Widersprüchliche Signale

Nach dem Parlament hat nun auch das israelische Kabinett dem Gaza-Rückzugsplan zugestimmt. Gleichzeitig beschloss die Regierung den Weiterbau der umstrittenen Sperranlage im Westjordanland. Peter Philipp kommentiert.

Hinter der Trennmauer zwischen Israel und der Westbank leuchtet die Kuppel des Felsendoms, Foto: AP
Hinter der Trennmauer zwischen Israel und der Westbank leuchtet die Kuppel des Felsendoms

​​Da beschließt das israelische Kabinett nun endlich, ab dem 20. Juli die Siedlungen im Gaza-Streifen aufzulösen und die 8.000 Siedler von dort zu evakuieren. Und nur Stunden später wird bekannt, dass dieselbe Regierung weiter Gelder für diese Siedlungen bewilligt.

So, als habe man das gar nicht so gemeint mit dem angekündigten Abzug. Und das Misstrauen wird zusätzlich verstärkt durch den Regierungsbeschluss, die gigantische Trenn-Mauer zwischen Israel und der Westbank entlang einer teilweise neuen Linie weiterzubauen.

Das alles ist Futter für jene, die Scharon nicht trauen und seine Politik nur als Finte betrachten, um Israels Festhalten an den 1967 eroberten - und seitdem besetzten - Gebieten sicherzustellen. Sie argwöhnen, dass der Verlauf der Mauer die künftige Grenze markiert und Israel sich dadurch weitere Teile der Westbank aneignen will - im Widerspruch zur Genfer Konvention, die Landerwerb durch Eroberung nicht zulässt.

Im Widerspruch aber auch zu einem Rechtsgutachten des Internationalen Gerichtshofes in Den Haag, das das Bauvorhaben Israels als unzulässig bezeichnet hatte - zumindest, solange es auf palästinensischem und nicht auf israelischem Boden entsteht.

Israel erwidert diesen Zweiflern, dass die Trennmauer - erstaunlich, dass meterhoher Beton dabei immer noch als "Zaun" bezeichnet wird - "temporärer Natur" sei, also eines Tages auch wieder abgerissen werden könne. Niemand will diesen Worten glauben, solange man nicht Taten sieht.

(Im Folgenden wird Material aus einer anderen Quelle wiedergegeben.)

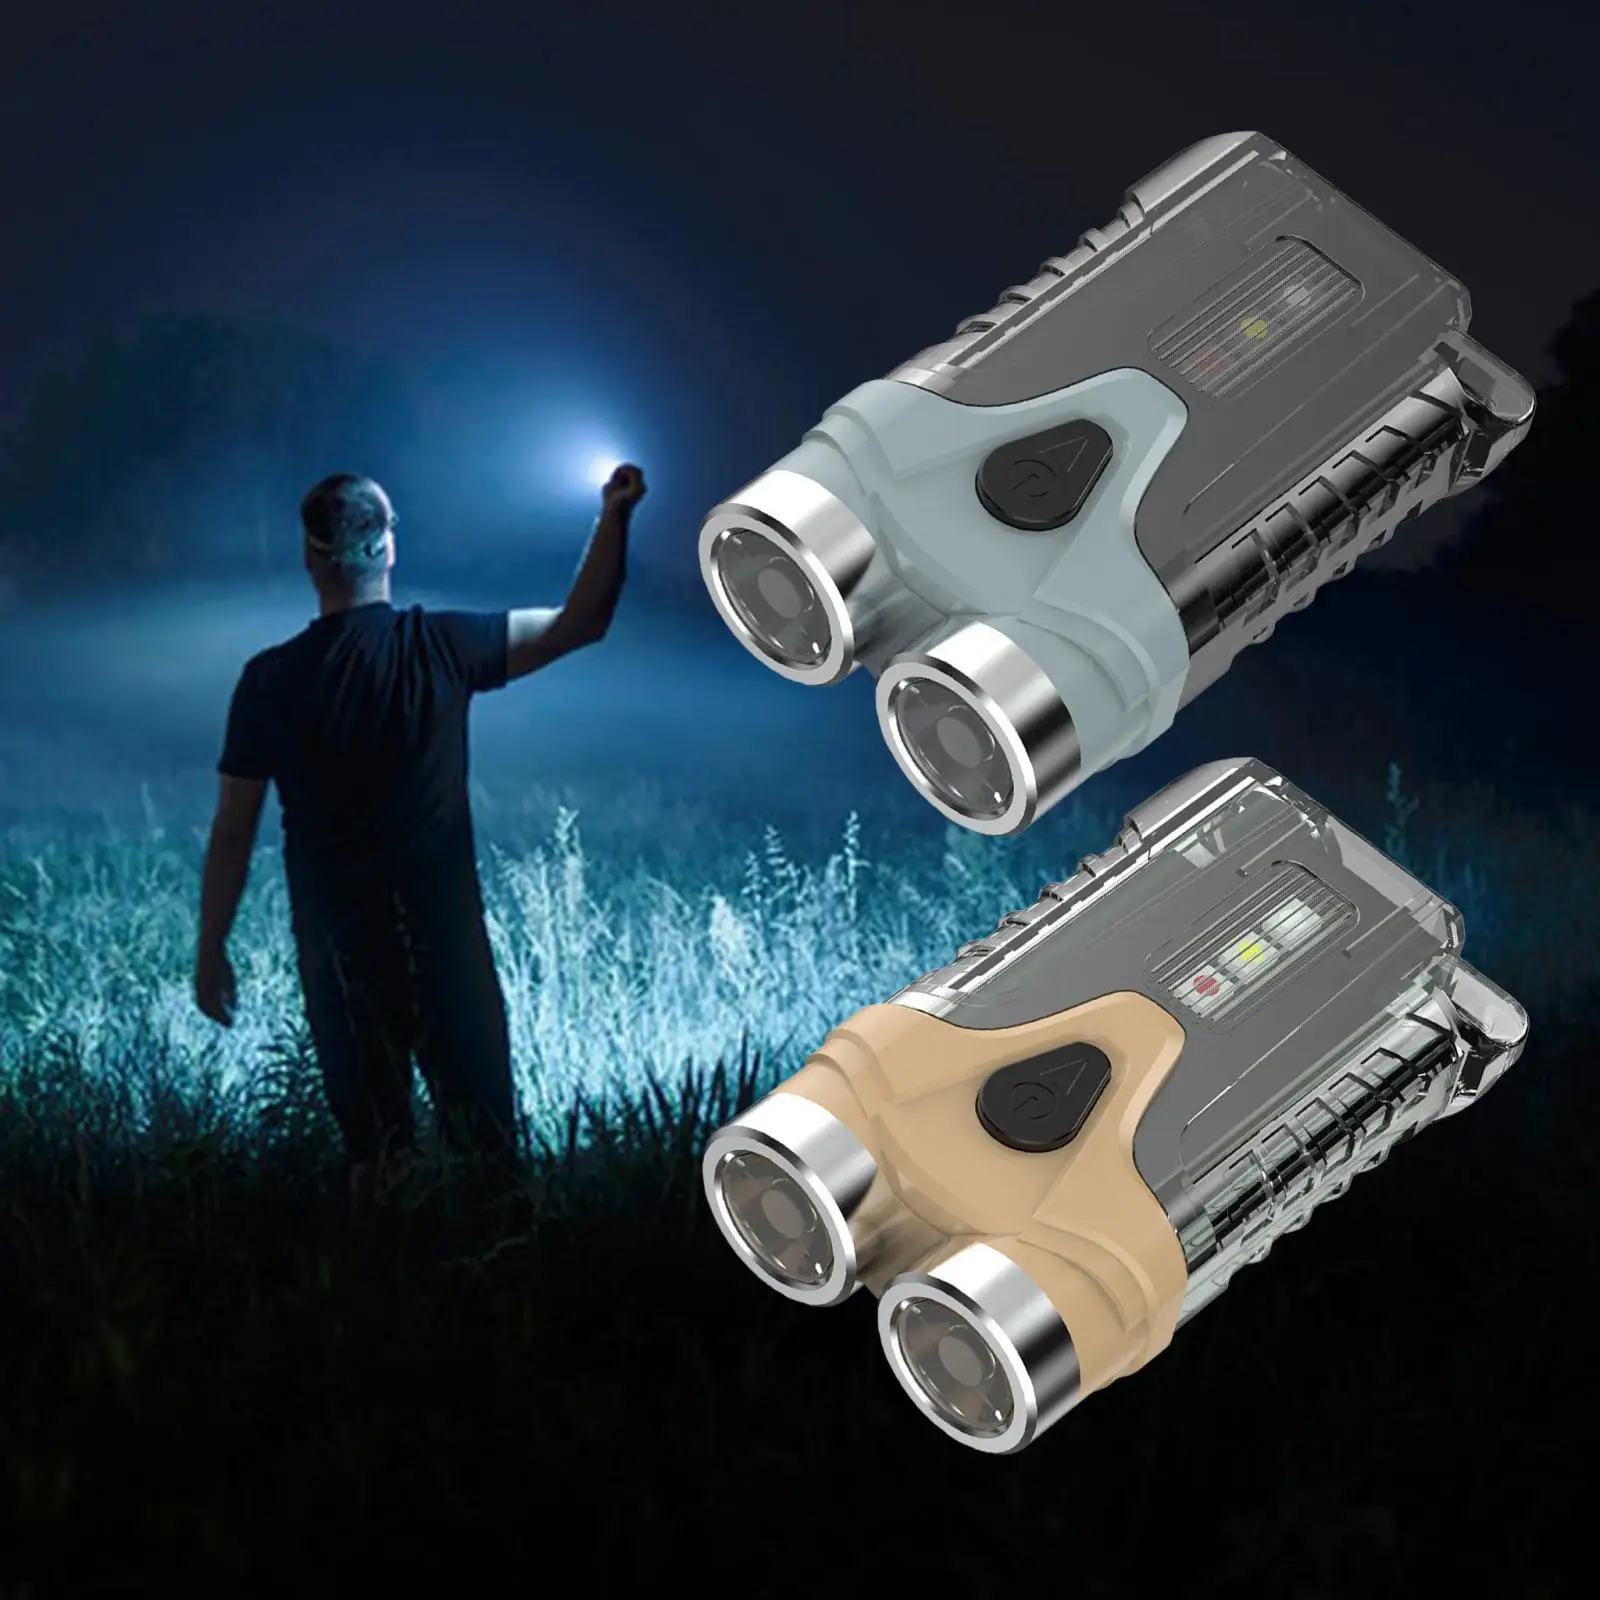 Keychain Flashlight Small Flash Light Handheld Torch for Hiking Home Working
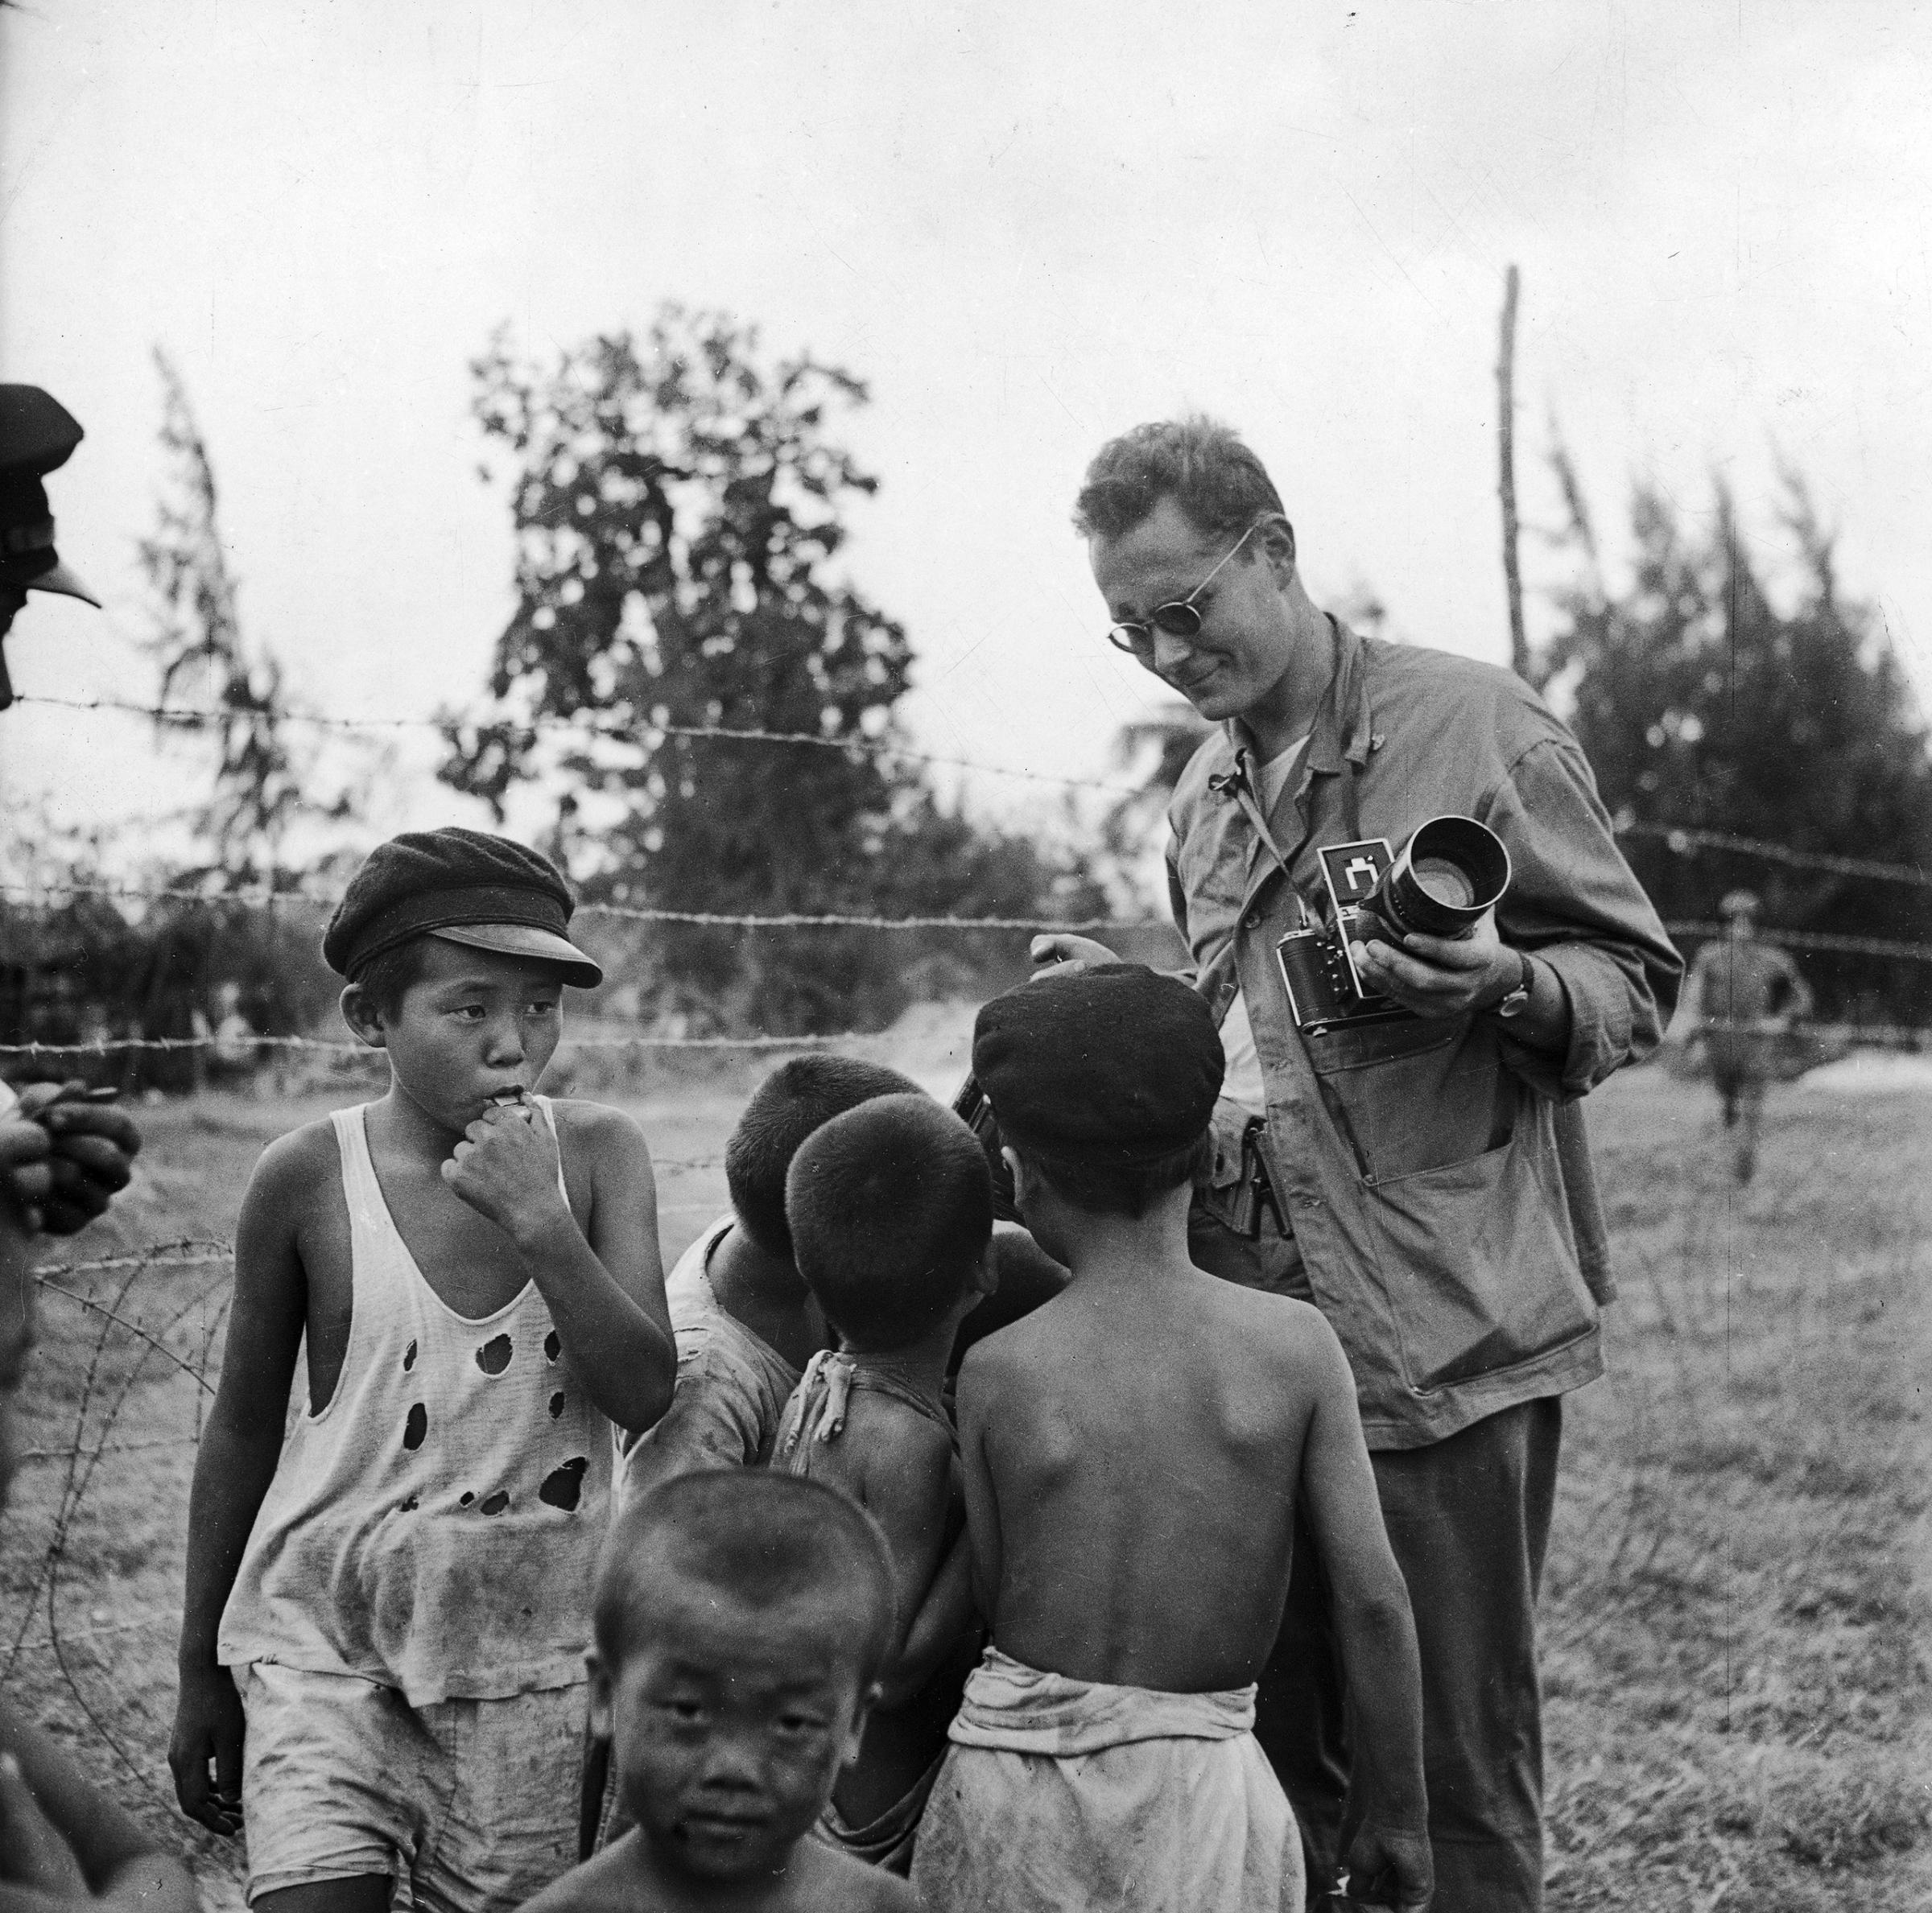 LIFE photographer W. Eugene Smith talking with and giving treats to local children after battle between Japanese and American forces for control of Saipan.

Aber die sichtbaren Taten belegen vorerst das Gegenteil: Die Mauer wird weiter gebaut. Bisher steht erst ein Drittel, es kann also noch lange gebaut und viel Geld dafür ausgegeben werden. Geld, das anders besser angelegt wäre.

Um Geld geht es auch bei den Siedlungen im Gaza-Streifen: Offiziell heißt es nun, man werde noch einige Millionen in die Siedlungen stecken, um ihre Sicherheit bis zum Abzug zu gewährleisten und um die dortige Infrastruktur intakt zu halten, denn diese Siedlungen werde man unversehrt den Palästinensern übergeben. Auch hier werden die Taten zählen und nicht die Worte.

Beim israelischen Abzug aus der Sinai-Halbinsel im Rahmen des israelisch-ägyptischen Friedensvertrages machte Israel
1982 jedenfalls seine dortigen Siedlungen dem Erdboden gleich.

Es wäre ein begrüßenswertes Novum, wenn man die Siedlerstädte diesmal unversehrt den Palästinensern übergäbe. Vielleicht sogar im Rahmen eines Plans, den ein Milliardär aus den Vereinigten Arabischen Emiraten vorgeschlagen haben soll: Er sei bereit, Israel die Siedlungen abzukaufen, um sie dann den Palästinensern zur Verfügung zu stellen.

All solche Zweifel und Unwägbarkeiten dürfen aber den Blick für das Wesentliche nicht versperren: Der Beschluss, die Siedlungen im Gaza-Streifen aufzulösen, ist ein wichtiger Schritt. Ihm werden andere vertrauensbildende Maßnahmen folgen - wie die inzwischen begonnene Freilassung palästinensischer Häftlinge.

Ihm werden aber ähnliche Schritte auch in der Westbank folgen müssen. Denn ohne einen israelischen Rückzug aus allen 1967 eroberten Gebieten wird es nun einmal keine dauerhafte Beruhigung und erst recht keinen Frieden geben können.